Give back the lines below verbatim, omitting all pictures.

* STORED DATA *
-- Opening Marker --
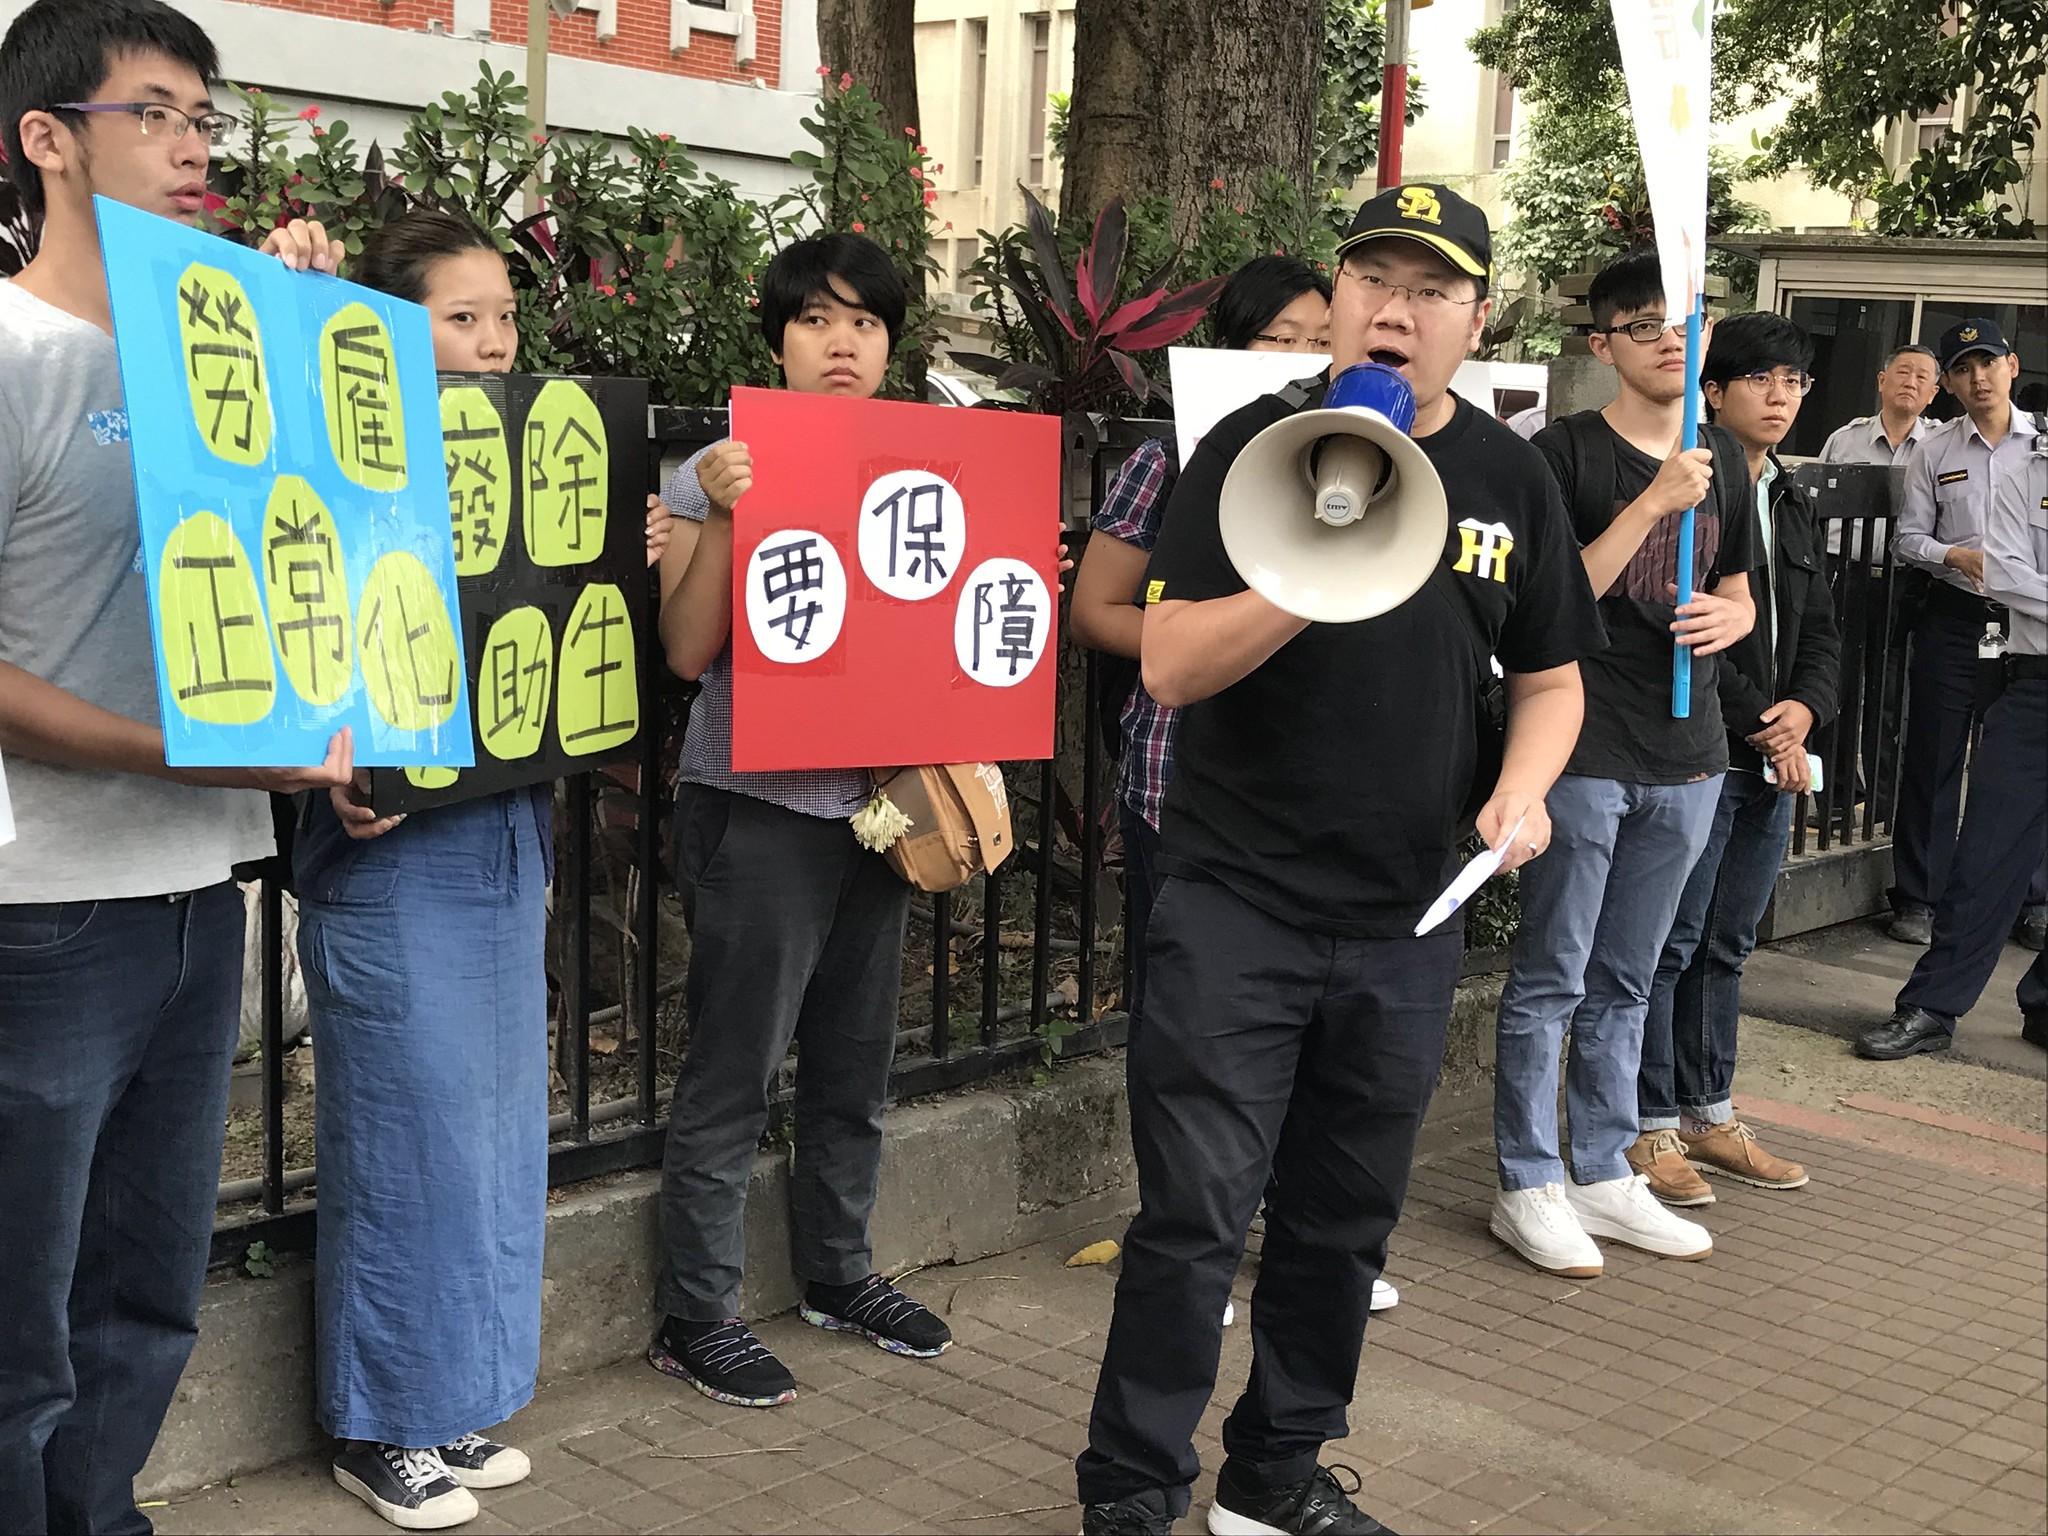 """学生团体来到教育部前,希望教育部能够针对兼任助理〈原则〉的""""假课程""""漏洞作出回应。(摄影:张宗坤)"""
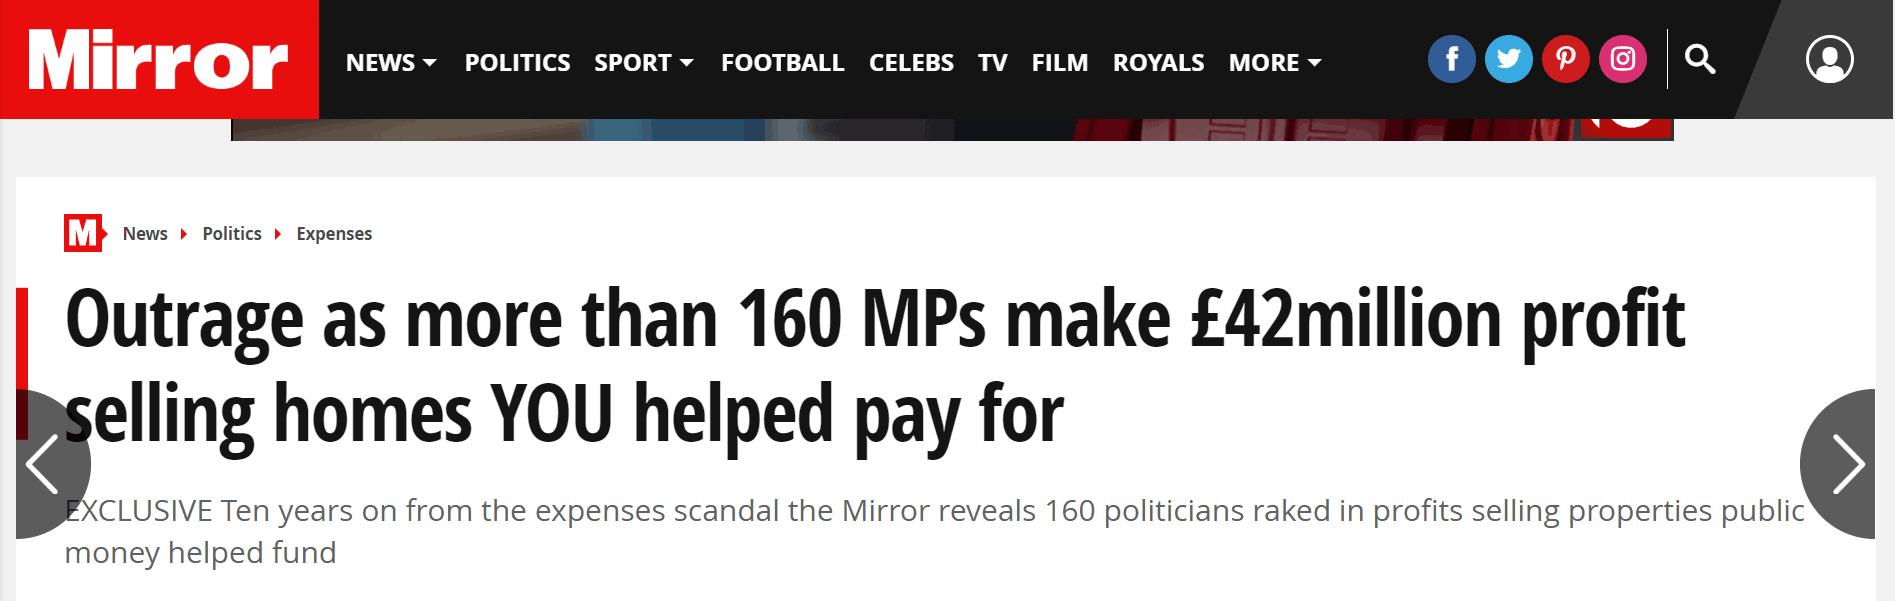 脱欧不行赚钱倒很行?英议员通过出售房产获利数百万|昆仑国际外汇平台
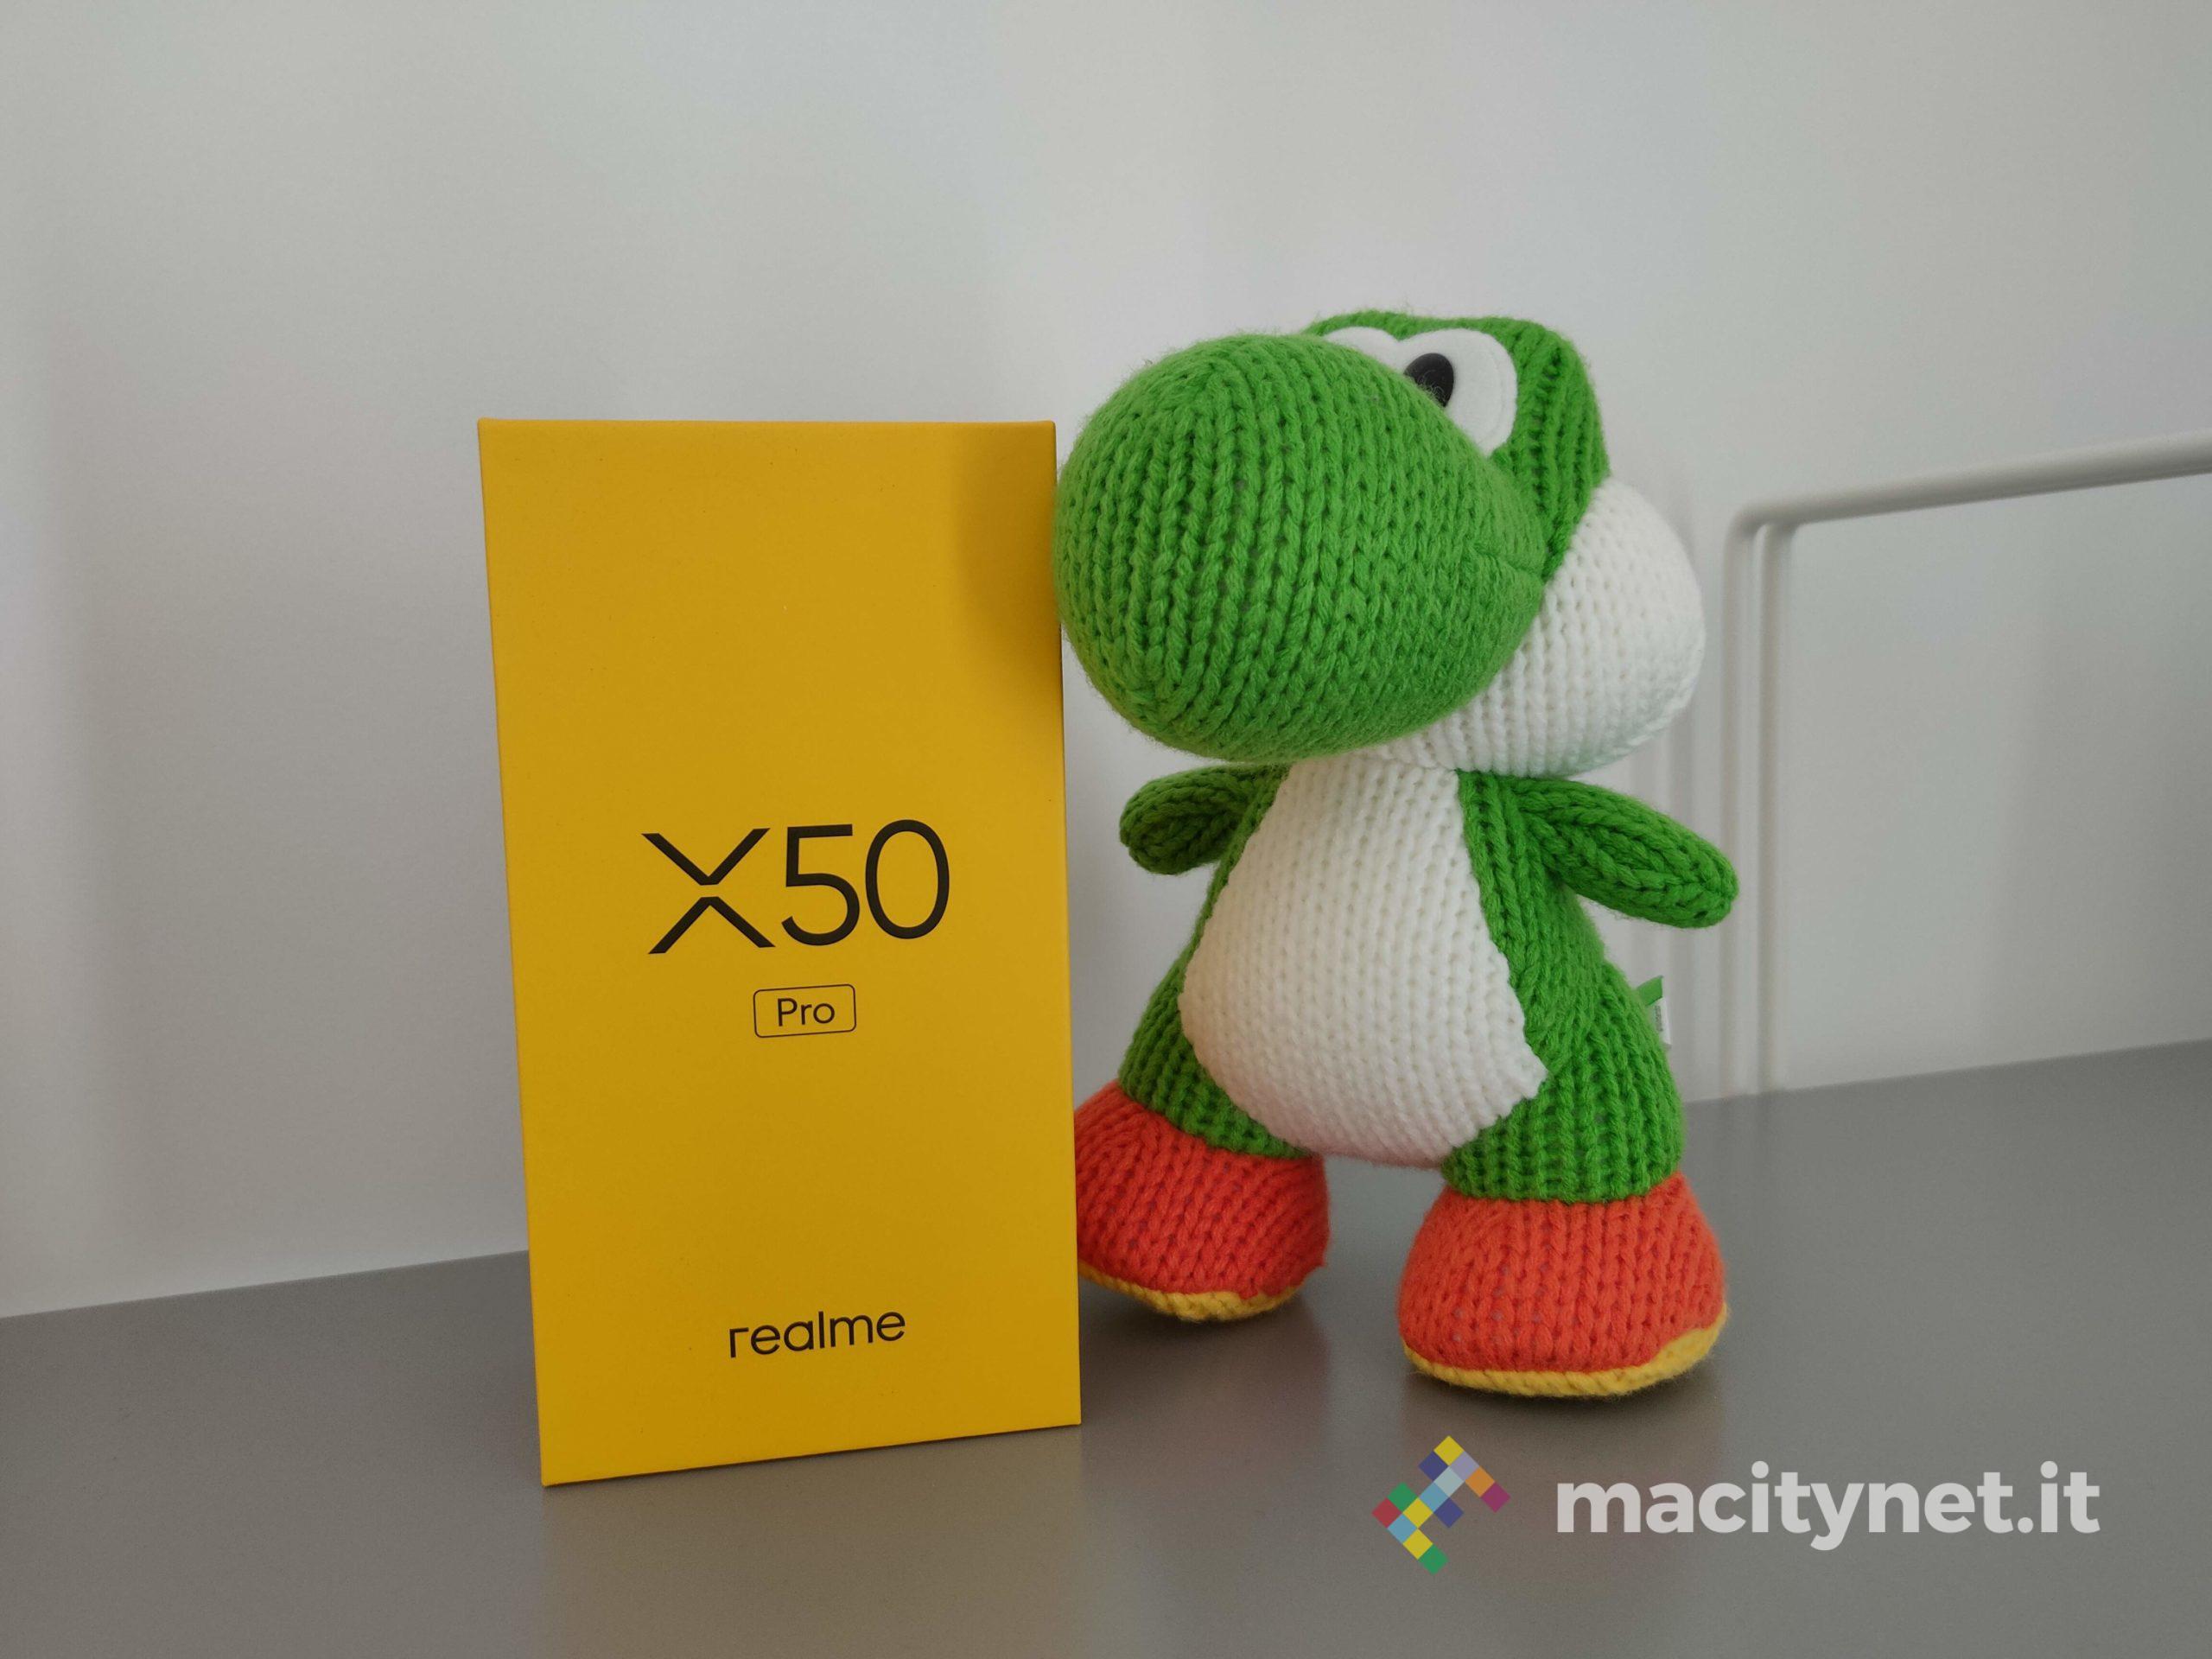 Realme X50 Pro, come scatta le foto
-- Closing Marker --
* SOLUTION TO THIS PROBLEM *
 """学生团体来到教育部前,希望教育部能够针对兼任助理〈原则〉的""""假课程""""漏洞作出回应。(摄影:张宗坤)"""
 脱欧不行赚钱倒很行?英议员通过出售房产获利数百万|昆仑国际外汇平台
 Realme X50 Pro, come scatta le foto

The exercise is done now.